Sequence alignment of PF-8, HVS ORF59, and EBV BMRF1. The amino acid sequences of three herpesvirus processivity factors, PF-8 of KSHV, ORF59 of HVS, and BMRF1 of EBV, were aligned by the ClustalW 1.7 multiple sequence alignment program. Identical residues are shaded, and conserved basic residues are indicated by asterisks (∗).

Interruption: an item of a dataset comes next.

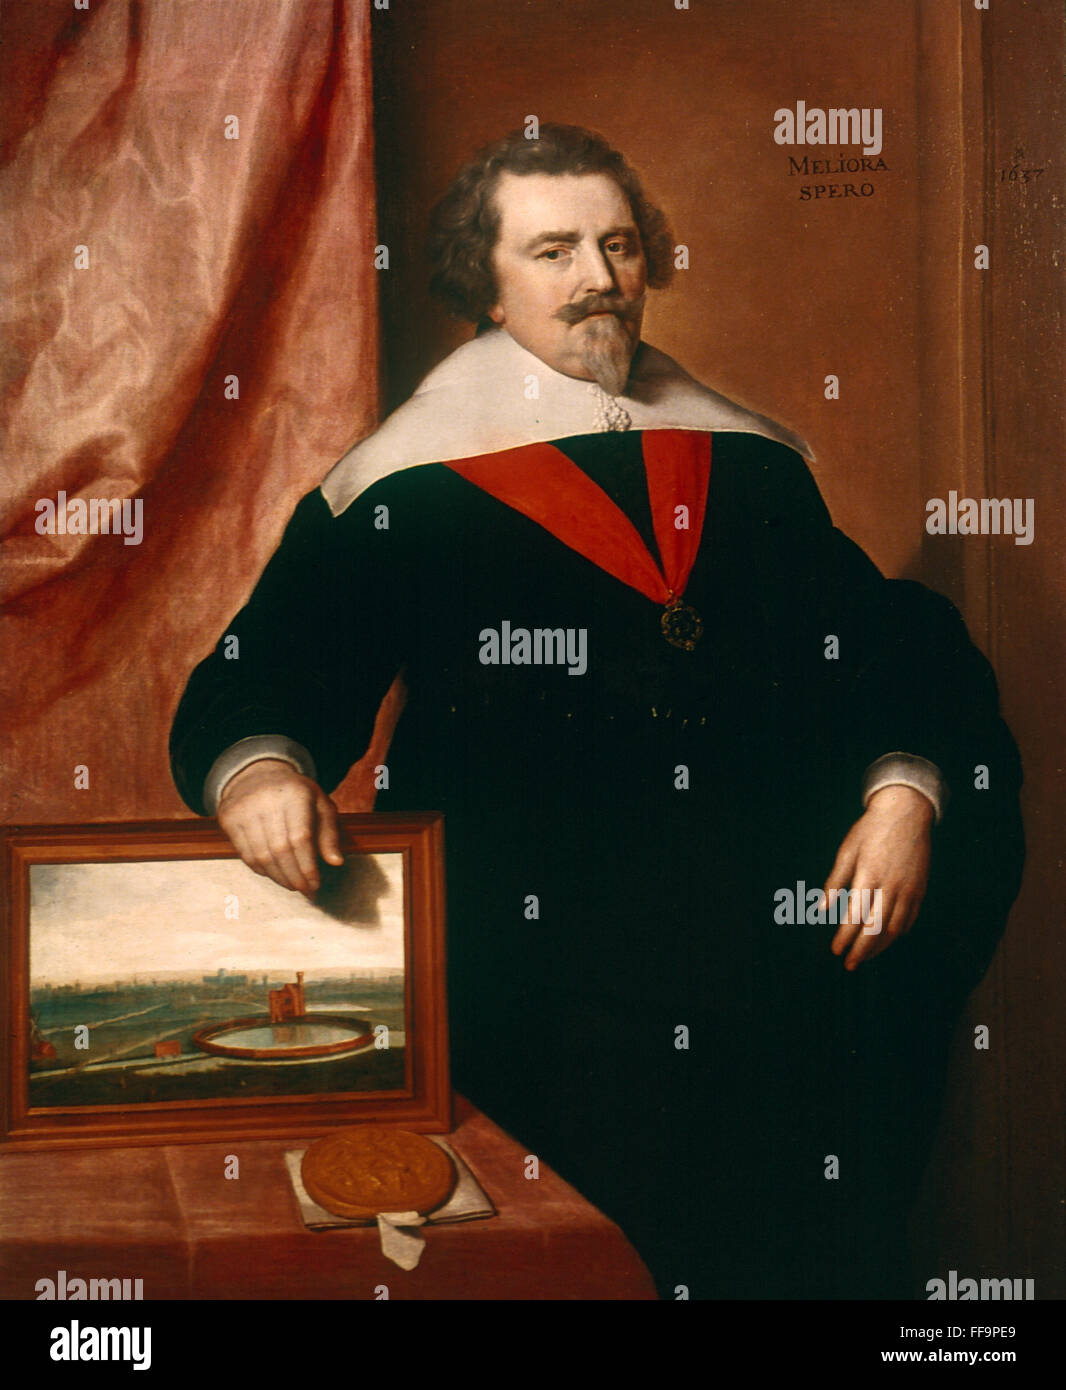 SIR JOHN BACKHOUSE /n(1582-1649). English landowner and politician. Wearing the badge of the Order of Bath while standing next to a painting of the New River Company reservoir that had been built on his property in Islington. Oil on canvas, 1637, by 'VM.' Stock Photo

Pol-8 binds to PF-8 in vitro. (A) Pol-8 binds to PF-8 in the presence of ethidium bromide. [35S]methionine-labeled in vitro-translated Pol-8 (∗Pol-8) was incubated with GST or GST–PF-8 in the GST-binding assay in the absence (lanes 2 and 3) or presence (lane 4) of 200 μg of ethidium bromide (EtBr) per ml. Bound proteins were eluted and analyzed by SDS-polyacrylamide gel electrophoresis and autoradiography. (B) The binding of Pol-8 to PF-8 is specific. The binding assay was performed as described for panel A in the presence of ethidium bromide. [35S]methionine-labeled in vitro-translated DNA polymerase of HSV-1 (∗UL30) failed to bind GST–PF-8 (lane 5). Labeled proteins were also loaded directly onto the gels representing 20% (A) or 10% (B) of the input used in the binding assays.
DNA synthesis activity of Pol-8 strongly depends on the presence of PF-8. The DNA synthesis activities of mock-translated protein, Pol-8, PF-8, or Pol-8 and PF-8 together were analyzed in the DNA synthesis assay by measuring the incorporation of [α-32P]dCTP (in disintegrations per minute [dpm]) into synthesized DNA products. Mock represents translation from the pTM1 vector lacking a coding insert.
PF-8 specifically enables Pol-8 to synthesize fully extended DNA. The DNA synthesis assays were performed for 1 h with 2 μl of each indicated protein, except that in lanes 6 and 7 reaction mixtures were incubated for 5 and 15 min, respectively, and in lanes 9 and 11, reaction mixtures contained either 1 or 5 μl of both Pol-8 and PF-8, respectively. The synthesized DNA products, labeled by [α-32P]dCTP incorporation, were fractionated on a 1.3% alkaline agarose gel which was analyzed by autoradiography. The sizes of 32P-labeled M13 and λ markers are indicated. Mock represents translation from the pTM1 vector lacking a coding insert. The translation efficiencies of all proteins tested in the assay were similar. The bracket at lower left indicates short products.
Pol-8 alone has significant catalytic activity but very limited processivity. The DNA synthesis activities of Pol-8, PF-8, and Pol-8 and PF-8 together were compared on a 15% urea-polyacrylamide gel. The DNA synthesis assay employed M13 ssDNA template with an annealed 5′-end 32P-labeled primer and contained different combinations of unlabeled dNTPs. The extended sequence represents the actual M13 sequence immediately following the 3′ end of the primer. Only the bottom of the gel is shown here, since no products were visualized in the top portion of the gel except in lane 14, in which most of the high-molecular-weight products remained in the well.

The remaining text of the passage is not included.